The LTTE appears to be on a campaign to ethnic-cleanse some parts of the East so as to distort the ethnic composition. It can easily trigger an exodus by denying water to the people. It may not even hesitate to sabotage the water schemes if it cannot withstand the increasing military pressure. The next phase of the LTTE strategy will be clear when the armed forces close in on its positions at Verugalaru.
Depriving the people of access to water, whether during war or peace, is a dastardly crime which must be condemned unreservedly by the civilised world. It is unfortunate that the government’s appeals have fallen on the stony deaf ears of the international community.

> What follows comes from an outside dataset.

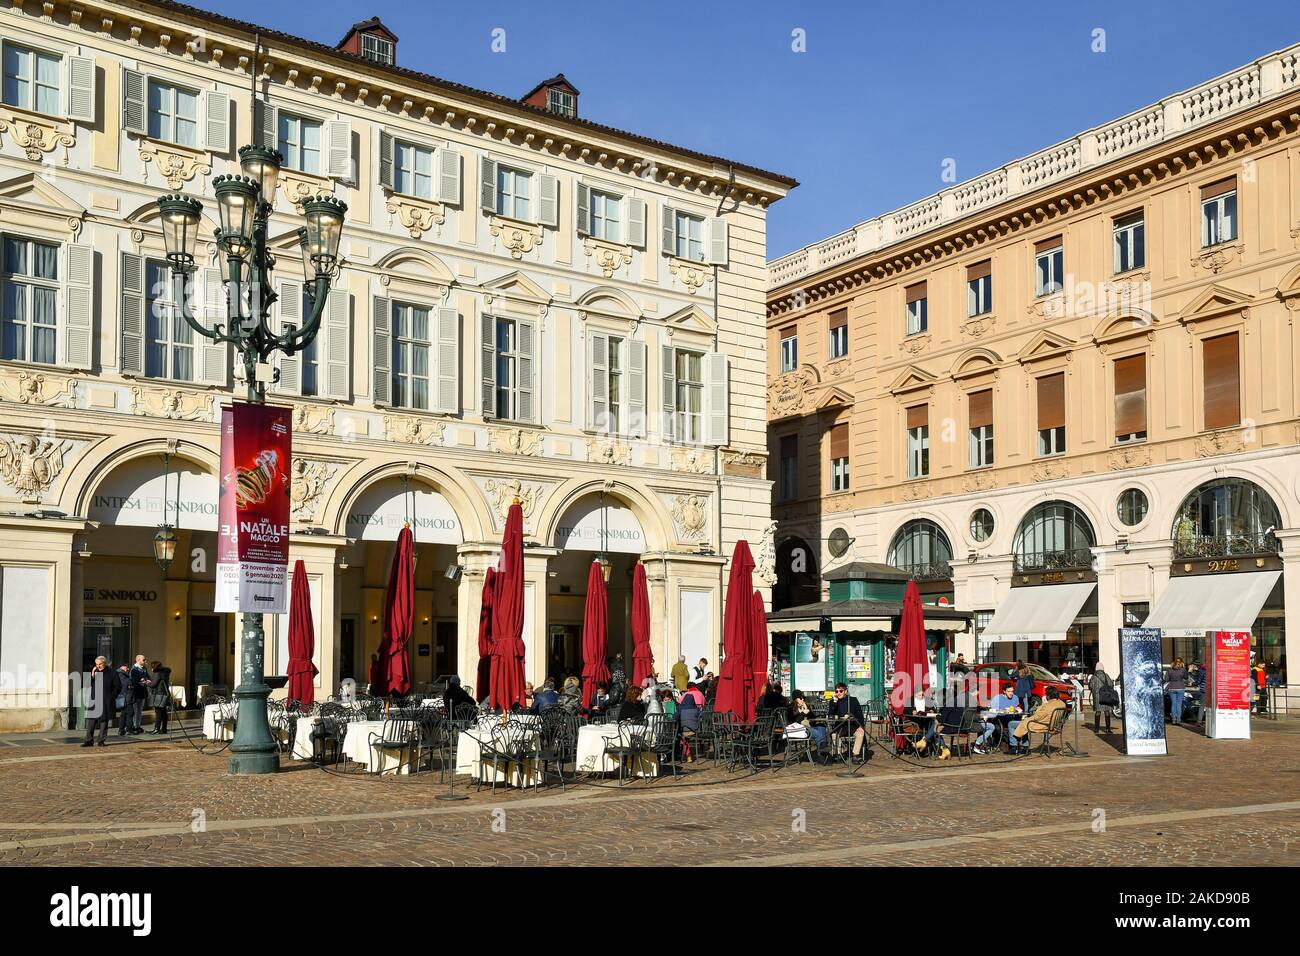 Aperçu de la Piazza San Carlo, dans le centre de Turin avec les gens profiter du soleil dans un café-terrasse le jour avant Noël, Piémont, Italie Banque D'Images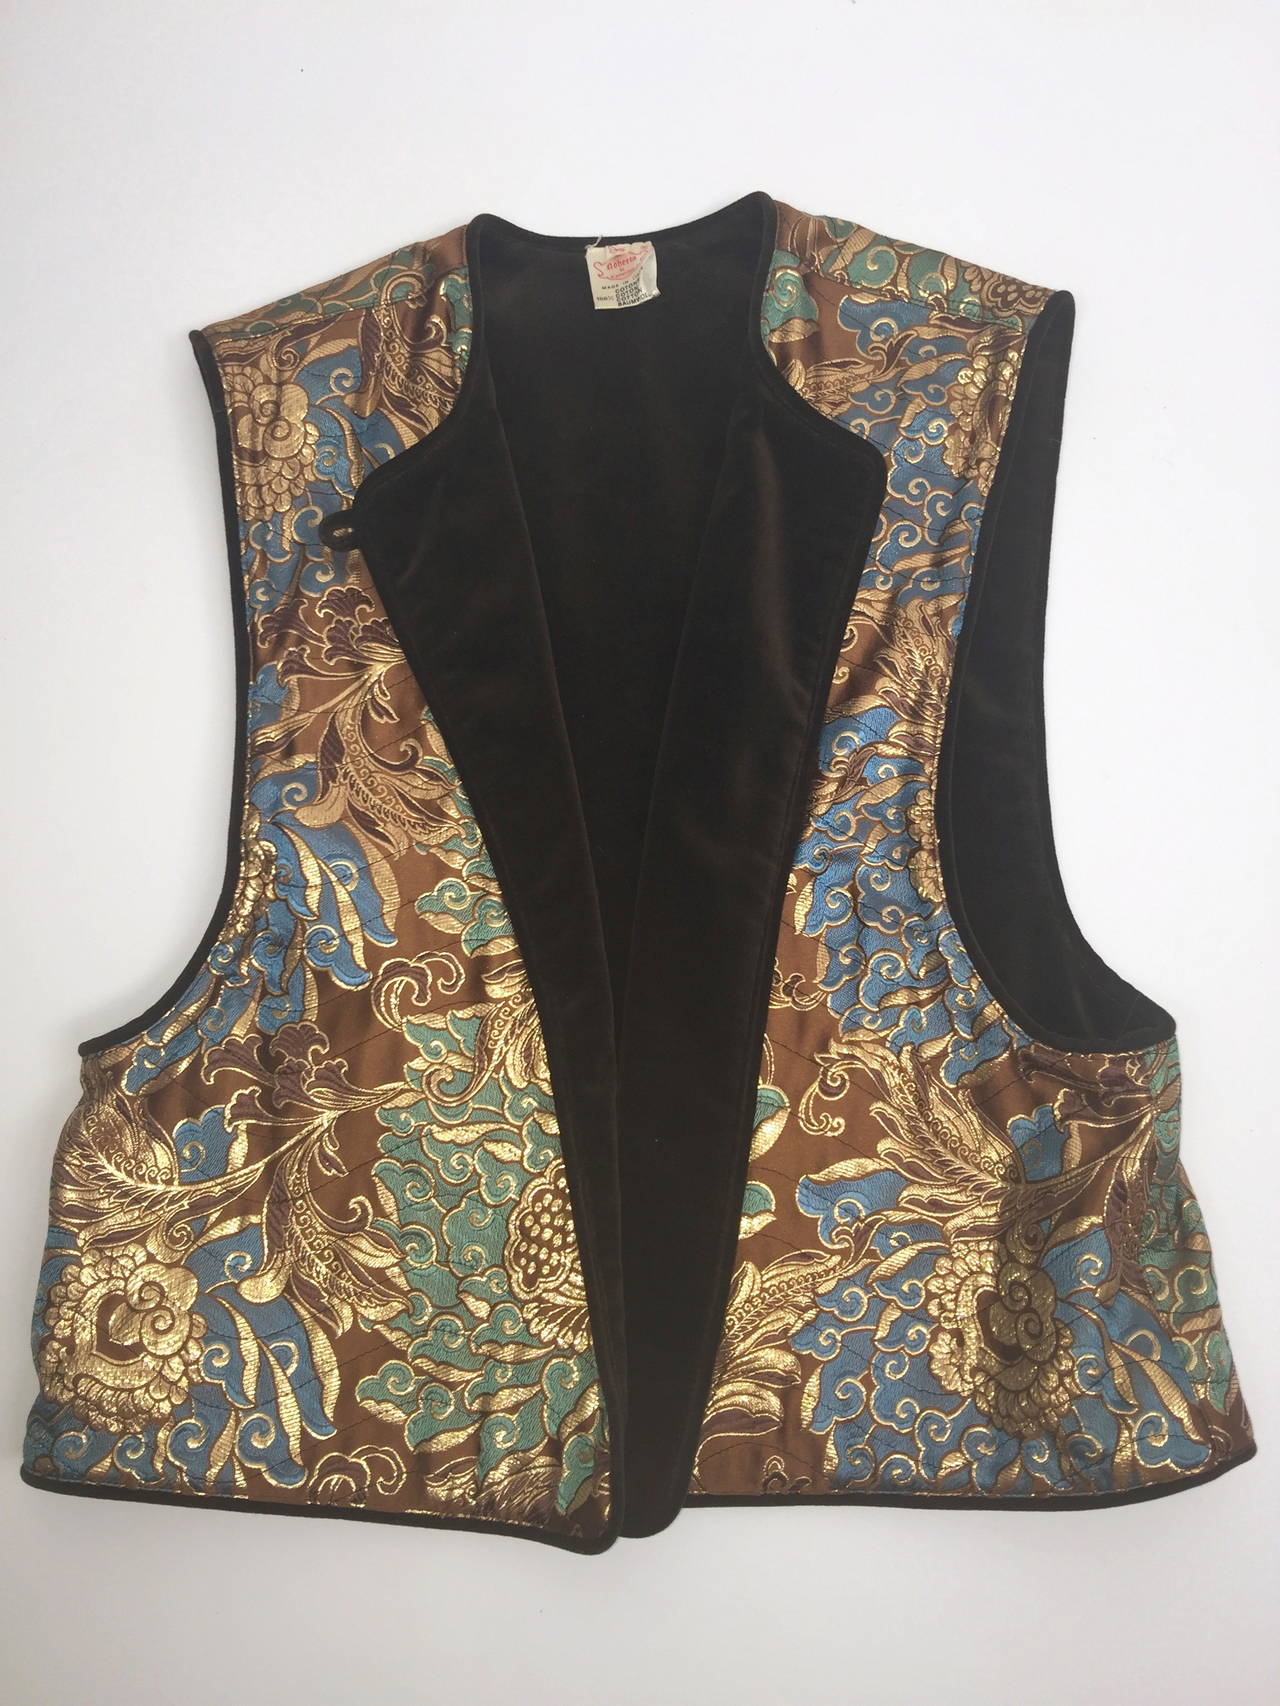 Women's Rare Roberta di Camerino Vintage Waistcoat/Vest. For Sale

There is heavy LTTE presence north of Verugalaru and the on-going offensive aimed at creating a buffer zone is fraught with the danger of sparking a conflagration with a devastating impact on the civilians trapped in the area as well as the crumbling peace effort kept alive on the heart and lung machine.
It is high time the foreign diplomats and representatives of international organisations that wield influence over the LTTE came forward and brought pressure to bear on the outfit to let go of the Anicut, and avert an internecine battle or war. If they are genuinely desirous of helping Sri Lanka achieve peace, the deteriorating situation at Verugalaru provides them with an opportunity to prove it.